A standby replica server in another availability zone of the same Azure region. The standby replica server has the same configuration as the primary server, including the compute tier, compute size, storage size, and network configuration.

You can choose the availability zone for both the primary server and the standby replica. Placing the primary server and the standby server in the same zone reduces latency, whereas placing them in different zones helps you prepare for disaster recovery situations and zone-down scenarios.

The data and log files are hosted in zone-redundant storage (ZRS). The standby server continuously reads and replays the log files from the primary server's storage account, which storage-level replication protects.

If a failover occurs:

The standby replica activates.
The binary log files of the primary server continue to apply to the standby server to bring it online to the last committed transaction on the primary server.

Logs in ZRS are accessible even when the primary server is unavailable. This availability helps to ensure there's no loss of data. After the standby replica activates and binary logs are applied, the current standby replica server takes the role of the primary server. DNS updates so that client connections direct to the new primary when the client reconnects. The failover is fully transparent from the client application and doesn't require any action from you. The HA solution then brings back the old primary server when possible and places it as a standby.

You use the database server name to connect applications to the primary server. The solution doesn't expose standby replica information for direct access. Commits and writes are acknowledged after the log files are flushed at the primary server's ZRS. Because of the sync replication technology used in ZRS storage, you can expect 5-10 percent increased latency for application writes and commits.

The primary database server automatically backs up both snapshots and log backups on zone-redundant storage.

Local-redundant high-availability (HA) architecture

When you deploy a server with local-redundant HA, you create two servers in the same zone:

A primary server
A standby replica server that has the same configuration as the primary server (compute tier, compute size, storage size, and network configuration)

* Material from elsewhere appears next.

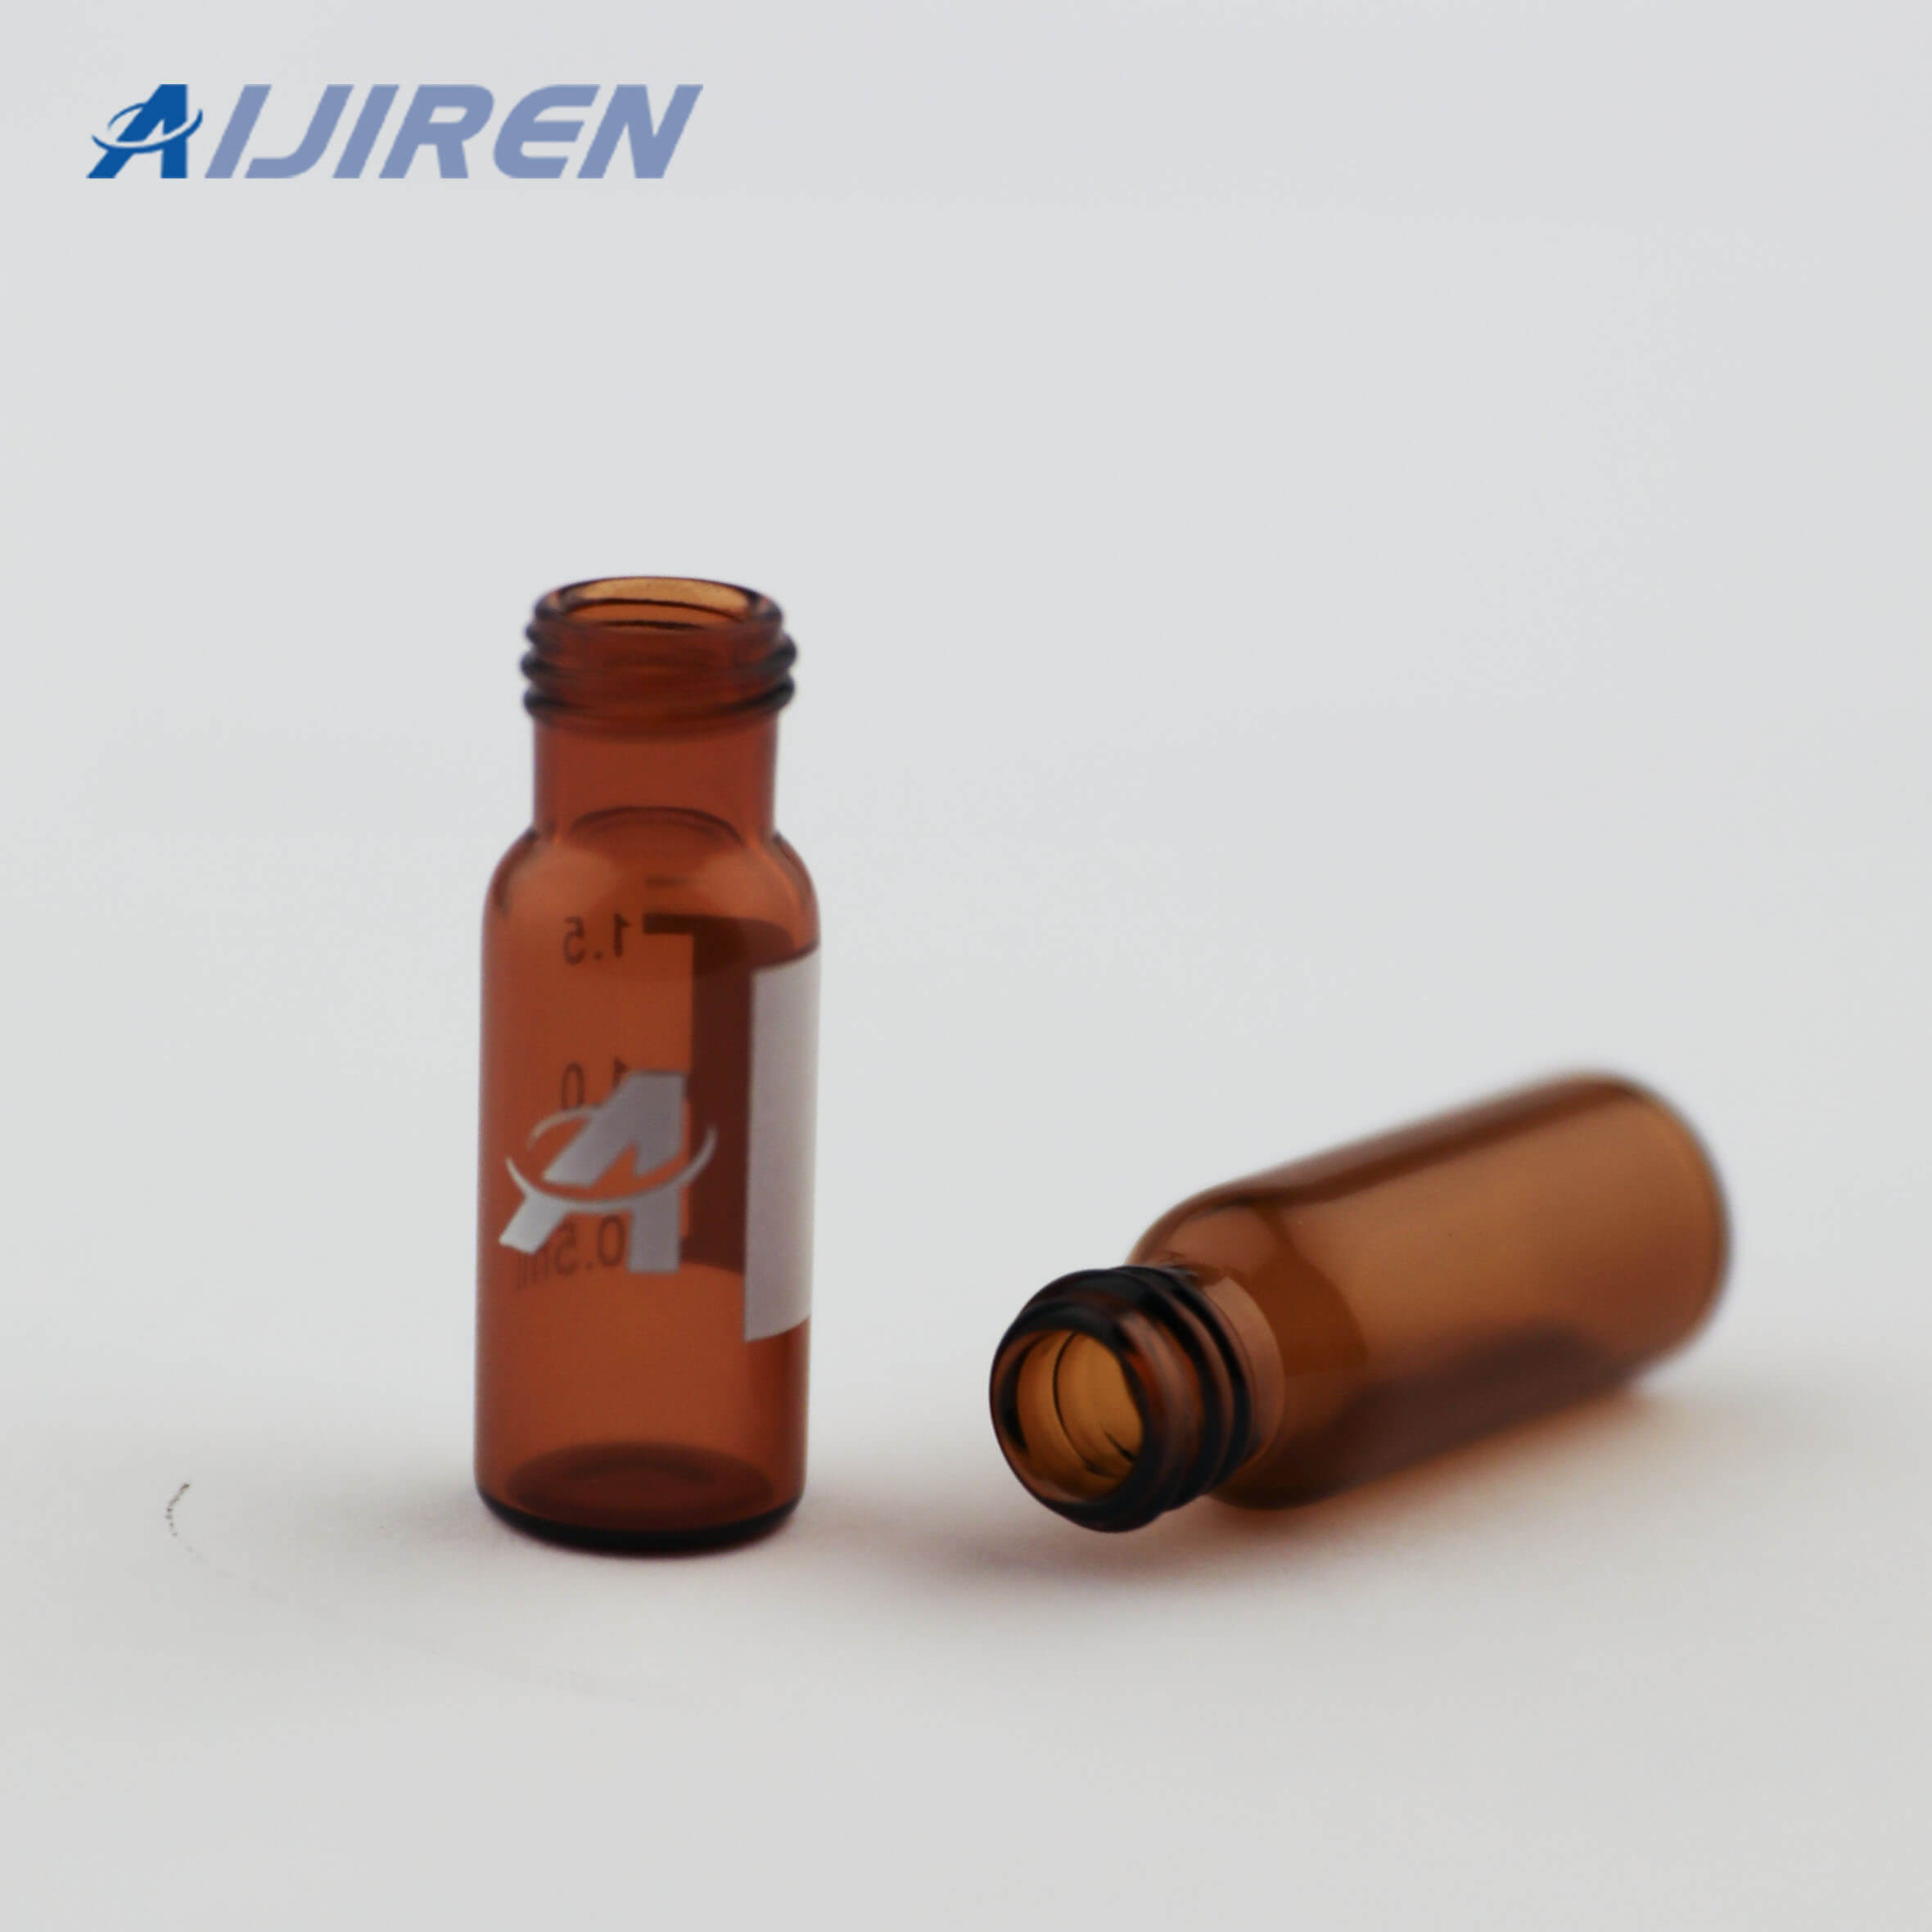 20ml headspace vialAijiren 9mm HPLC Vial in Amber Glass for THERMO FISHER

The standby server provides infrastructure redundancy by using a separate virtual machine (compute). This redundancy reduces failover time and network latency between the application and the database server because of colocation.

The data and log files are hosted in locally redundant storage (LRS). The standby server continuously reads and replays the log files from the primary server's storage account, which is protected by storage-level replication.

If a failover occurs:

The standby replica activates.
The binary log files of the primary server continue to apply to the standby server to bring it online to the last committed transaction on the primary server.

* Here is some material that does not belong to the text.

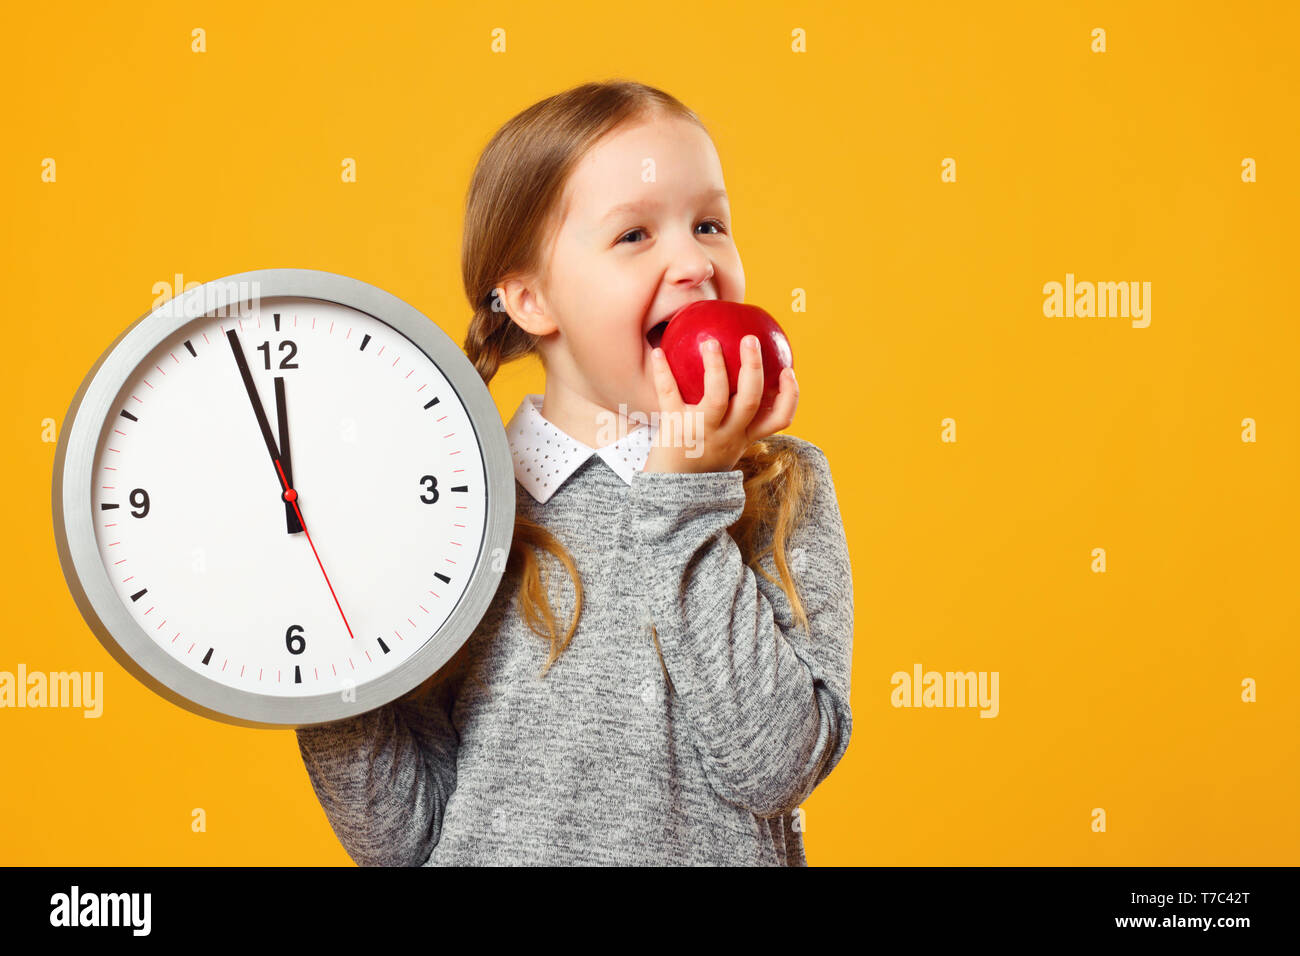 Little girl schoolgirl holds a big clock and bites a red apple on a yellow background. Break and lunch. Stock Photo

Logs in LRS are accessible even when the primary server is unavailable. This availability helps to ensure there's no loss of data. After the standby replica activates and binary logs are applied, the current standby replica takes the role of the primary server. DNS is updated to redirect connections to the new primary when the client reconnects. The failover is fully transparent from the client application and doesn't require any action from you. The HA solution then brings back the old primary server when possible and places it as a standby.

The database server name connects applications to the primary server. Standby replica information isn't exposed for direct access. Commits and writes are acknowledged after the log files are flushed at the primary server's LRS. Because the primary and the standby replica are in the same zone, there's less replication lag and lower latency between the application server and the database server. The local-redundant setup doesn't provide high availability when dependent infrastructures are down for the specific availability zone. There's downtime until all dependent services are back online for that availability zone.

The primary database server automatically backs up both snapshots and log backups to locally redundant storage.

Note

For both zone-redundant and local-redundant HA:

If a failure occurs, the time needed for the standby replica to take over the role of primary depends on the time it takes to replay the binary log from the primary storage account to the standby. To reduce failover time, use primary keys on all tables. Failover times typically take between 60 and 120 seconds.
The standby server isn't available for read or write operations. It's a passive standby to enable fast failover.
Always use a fully qualified domain name (FQDN) to connect to your primary server. Avoid using an IP address to connect. If a failover occurs, after the primary and standby server roles are switched, a DNS A record might change. That change prevents the application from connecting to the new primary server if an IP address is used in the connection string.

Migrate from an existing server to a zone-redundant server

If you originally provisioned your Azure Database for MySQL server as a non-HA server, you can enable it for locally redundant HA architecture. However, if you want to enable it for zone-redundant HA architecture, you need to create a new server with your desired configuration and migrate to it by following these steps:

Create a new server with zone-redundant high availability enabled by following the instructions for your preferred deployment tool:
- Azure portal: Manage zone redundant high availability in Azure Database for MySQL with the Azure portal
- Azure CLI: Manage zone redundant high-availability in Azure Database for MySQL with Azure CLI
Migrate your workload to the new server by following one of these approaches. Depending on the migration approach, downtime might be required.
- Offline migration approaches: If your application can afford some downtime, offline migrations are always the preferred choice, as they're simple and easy to execute. With an offline migration, the source server is taken offline, and a dump and restore of the databases are performed on the target server. This option requires the most downtime. The duration of the downtime is determined by the time it takes to perform the restoration on the target server.
  - Data Migration Service (DMS): To learn how to use DMS, see Migrate from MySQL to Azure Database for MySQL offline using DMS via the Azure portal.
    
    Although the tutorial outlines steps for migrating from an on-premises MySQL server to Azure Database for MySQL, you can use the same procedure for migrating data from one Azure Database for MySQL server that doesn't support availability zones to another that supports availability zones.
  - Open-source tools: You can migrate offline by using open-source tools such as MySQL Workbench, mydumper/myloader, or mysqldump to back up and restore the database. For information on how to use these tools, see Options for migrating Azure Database for MySQL - Single Server to Flexible Server. Although the tutorial outlines steps for migrating from Azure MySQL Single Server to Flexible Server, you can use the same procedure for migrating data from one Azure Database for MySQL Flexible Server that doesn't support availability zones to another that supports availability zones.
- Online migration approaches: Online migrations minimize application downtime. The source server allows updates, and the migration solution replicates the ongoing changes between the source and target server along with the initial dump and restore on the target. However, these approaches are more complex to implement than an offline migration.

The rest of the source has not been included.